The goal is a clean copy of all the data below, with pictures dropped and everything else retyped exactly.

---- Provided material

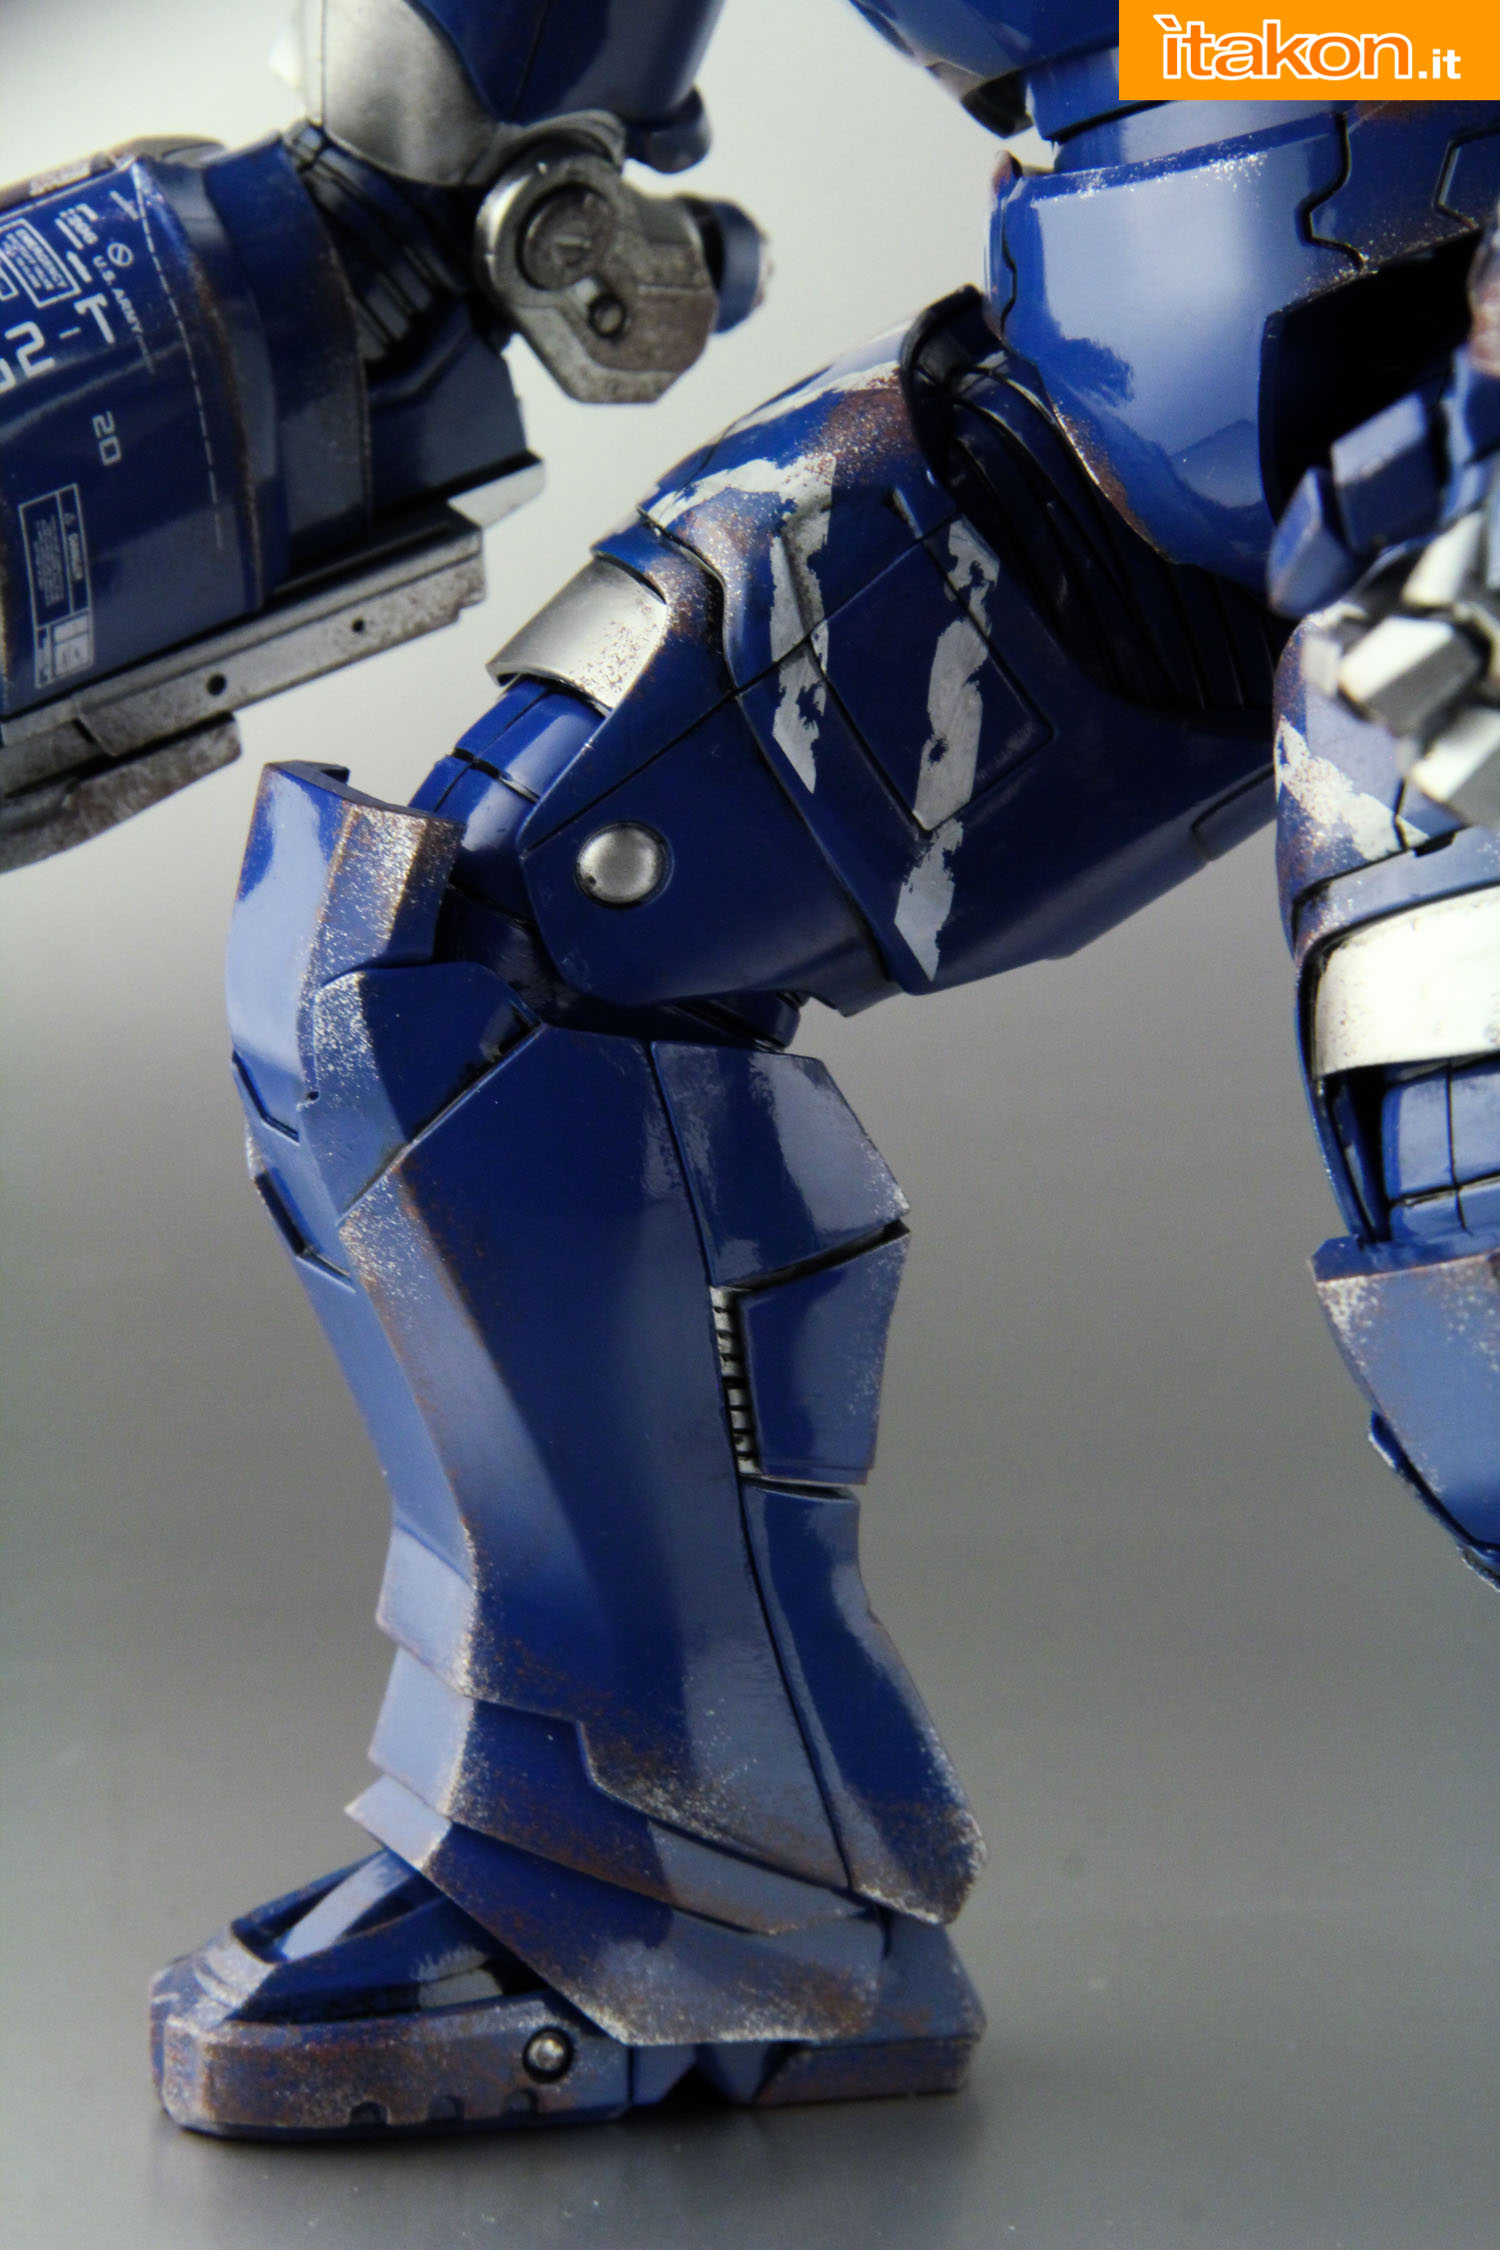 Link a comicave-igor-iron-man-figure-43
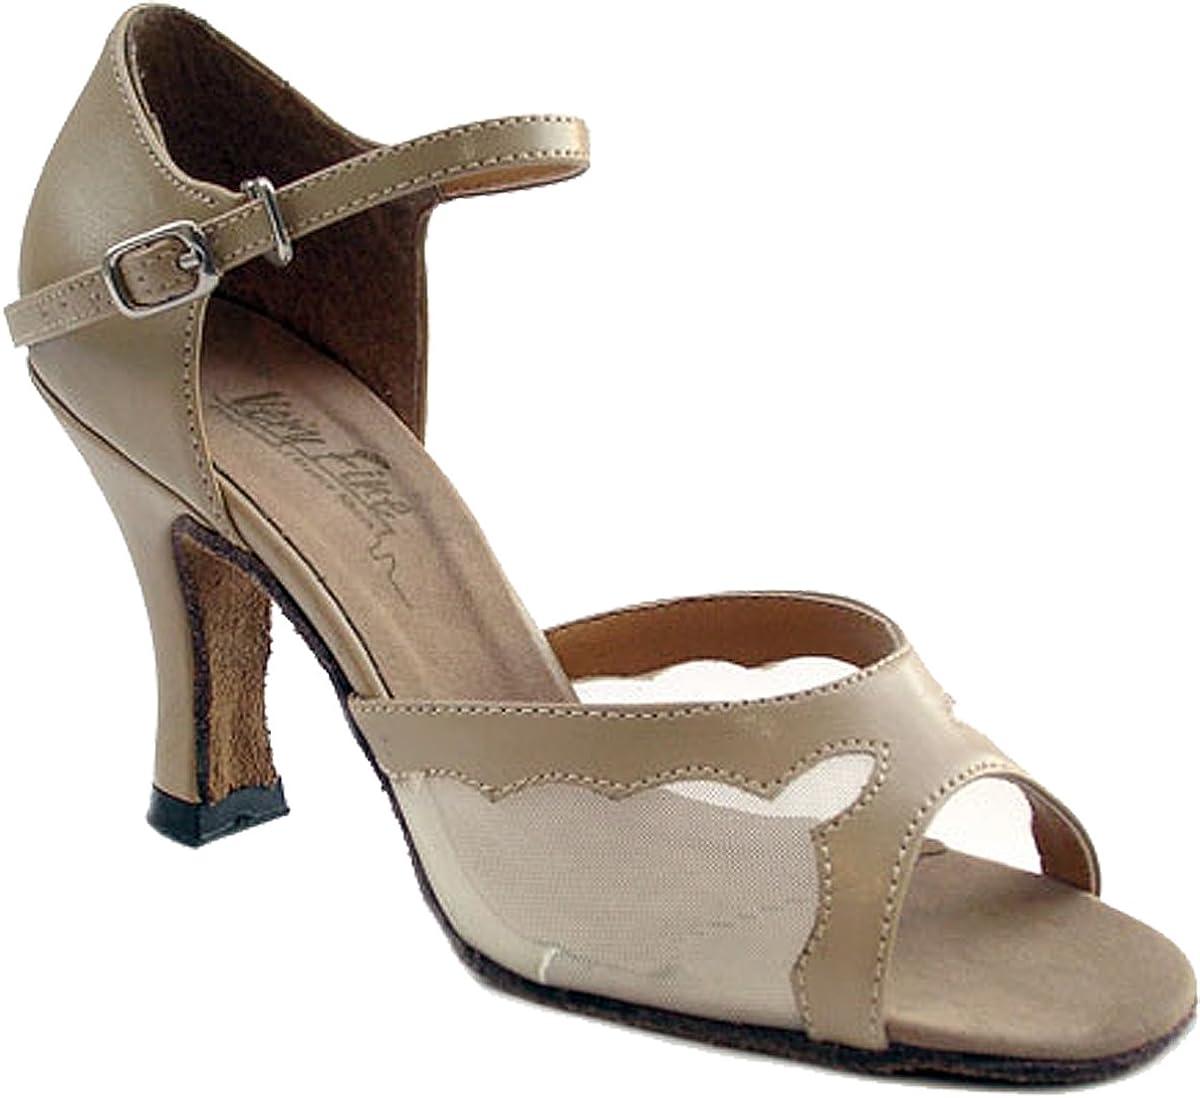 Very Fine Womens Salsa Ballroom Tango Dance Shoes Style 1616 Bundle with Plastic Dance Shoe Heel Protectors Tan Leather 7.5 M US Heel 3 Inch
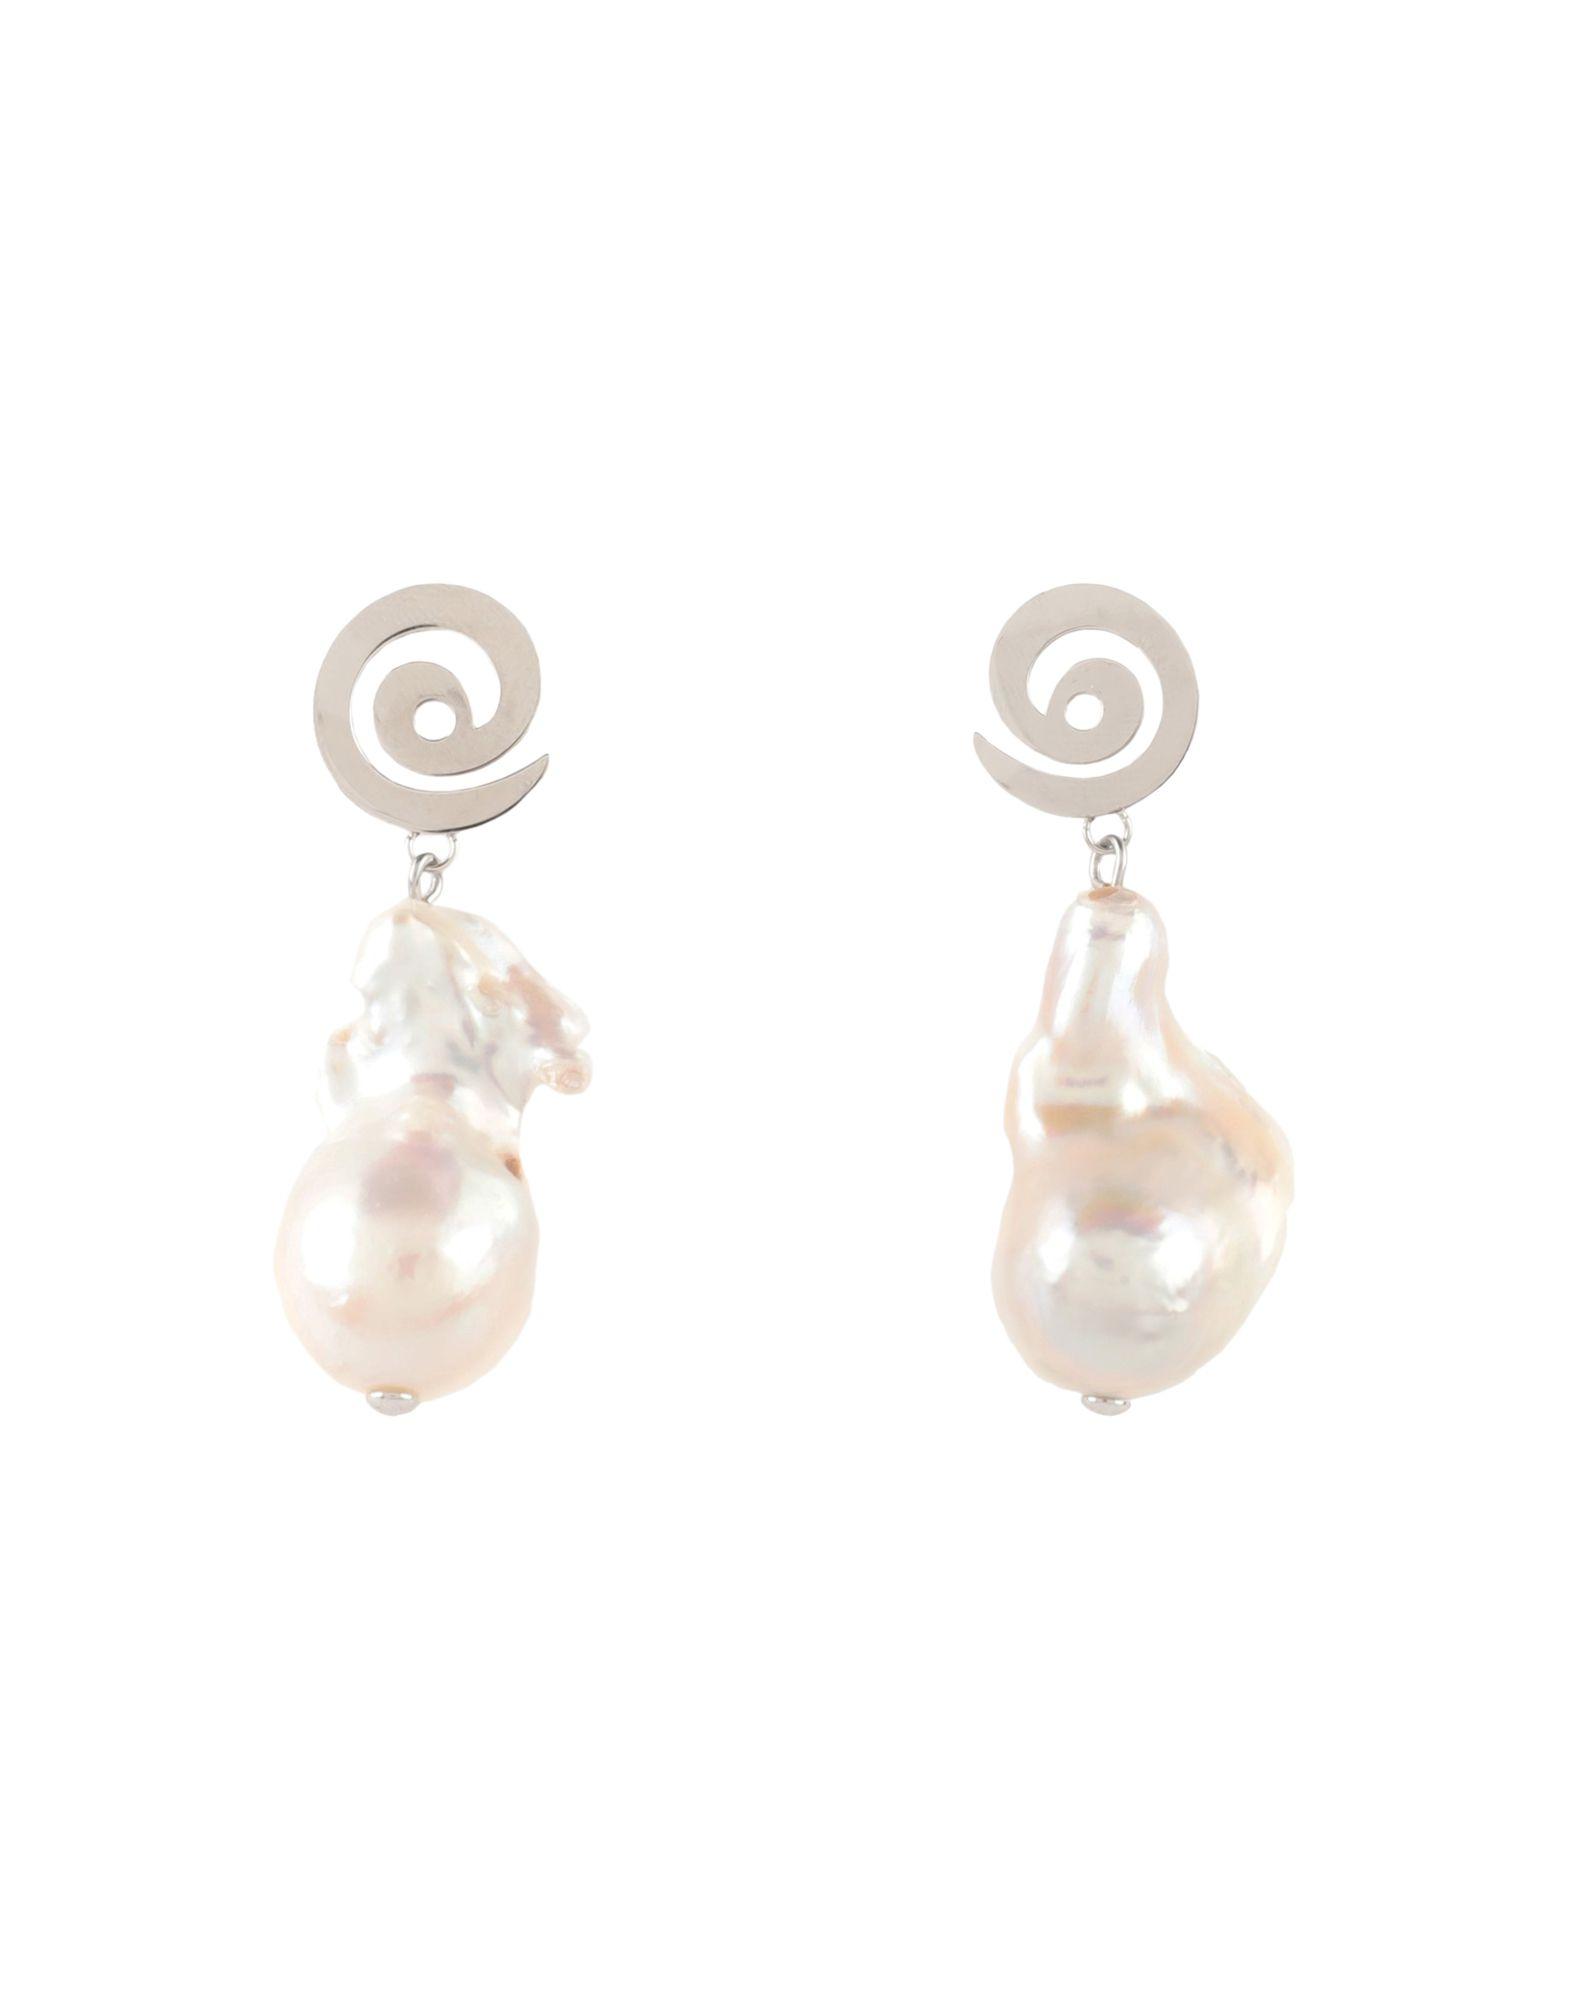 TORY BURCH Earrings - Item 50245324

--------

**Task response:**
 Link a comicave-igor-iron-man-figure-43
 Very Fine Womens Salsa Ballroom Tango Dance Shoes Style 1616 Bundle with Plastic Dance Shoe Heel Protectors Tan Leather 7.5 M US Heel 3 Inch
 TORY BURCH Earrings - Item 50245324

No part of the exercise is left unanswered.